Präsenzunterricht an den bayerischen Schulen und Infektionsschutz

Sehr geehrter Herr Staatsminister,

die Corona-Pandemie stellt uns alle vor große Herausforderungen und ist für Kinder und deren Eltern eine enorme Belastung. Neben der Sorge vor einer Ansteckung und Erkrankung an Covid-19, gibt es die Sorge, dass sich geschlossene Schulen negativ auf die Entwicklung der Kinder auswirken. Hinzu kommt, dass berufstätige und alleinerziehende Eltern insbesondere von jungen Schülerinnen und Schülern vor der Schwierigkeit stehen, Beruf, Haushalt und die schulische Betreuung zu Hause unter einen Hut zu bekommen.

Gleichzeitig stellt die Pandemie auch für viele Lehrerinnen und Lehrer eine zusätzliche Belastung dar. Neben den neuen Anforderungen hinsichtlich der Organisation und Gestaltung von Distanz- und Wechselunterricht gibt es bei insbesondere älteren Lehrkräften und Lehrkräften mit Vorerkrankungen die Sorge, sich anzustecken und an Covid-19 zu erkranken. Mir wird berichtet, dass Filter- und Lüftungsanlagen vielerorts immer noch nicht installiert sind und FFP2 Masken für Lehrerinnen und Lehrer nicht oder nicht in ausreichender Anzahl vom Dienstherrn zur Verfügung gestellt werden.
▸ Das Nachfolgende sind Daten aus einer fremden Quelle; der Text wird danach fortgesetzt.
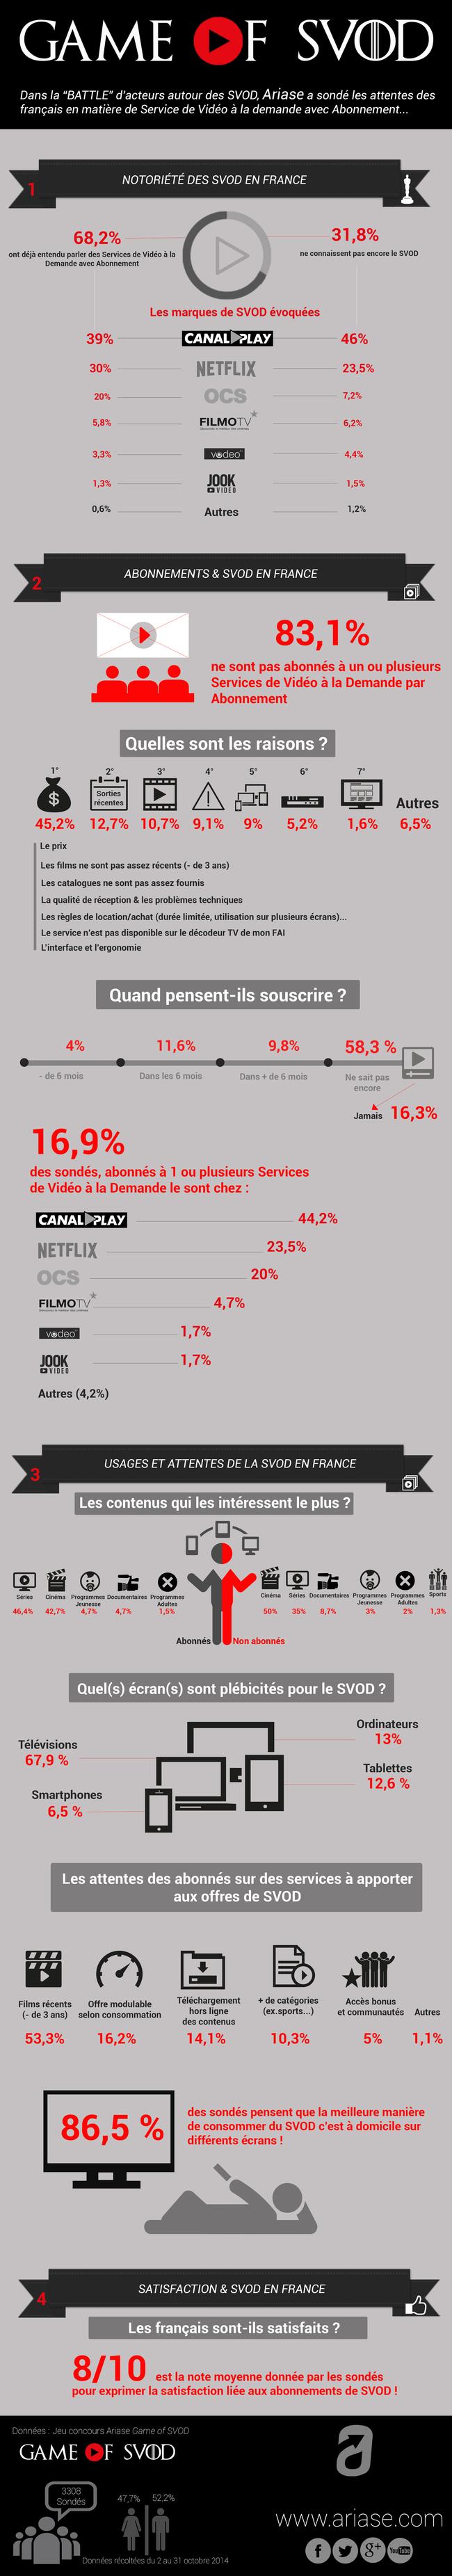 infographie-svod-ariase.jpg

Eine Priorisierung von Lehrkräften bei der Impfung findet ebenfalls nicht überall statt. 

Laut Lothar Wieler, Präsident des Robert-Koch-Instituts, „steigt seit Mitte Februar die Inzidenz der unter 15jährigen – und zwar sehr rasant“ (Bundespressekonferenz 12. März 2021). In Nürnberg wurde heute entschieden, dass auf Grund der steigenden Inzidenz alle Schulen ab kommender Woche wieder in den Distanzunterricht wechseln.

Auf der Homepage des Bayerischen Staatsministeriums für Unterricht und Kultus heißt es, dass ab 15. März 2021 u.a. folgendes für Grundschulen gilt:

„Bei einer Sieben-Tage-Inzidenz unter 50 im jeweiligen Landkreis bzw. in der jeweiligen kreisfreien Stadt findet voller Präsenzunterricht (d. h. auch ohne Mindestabstand) statt.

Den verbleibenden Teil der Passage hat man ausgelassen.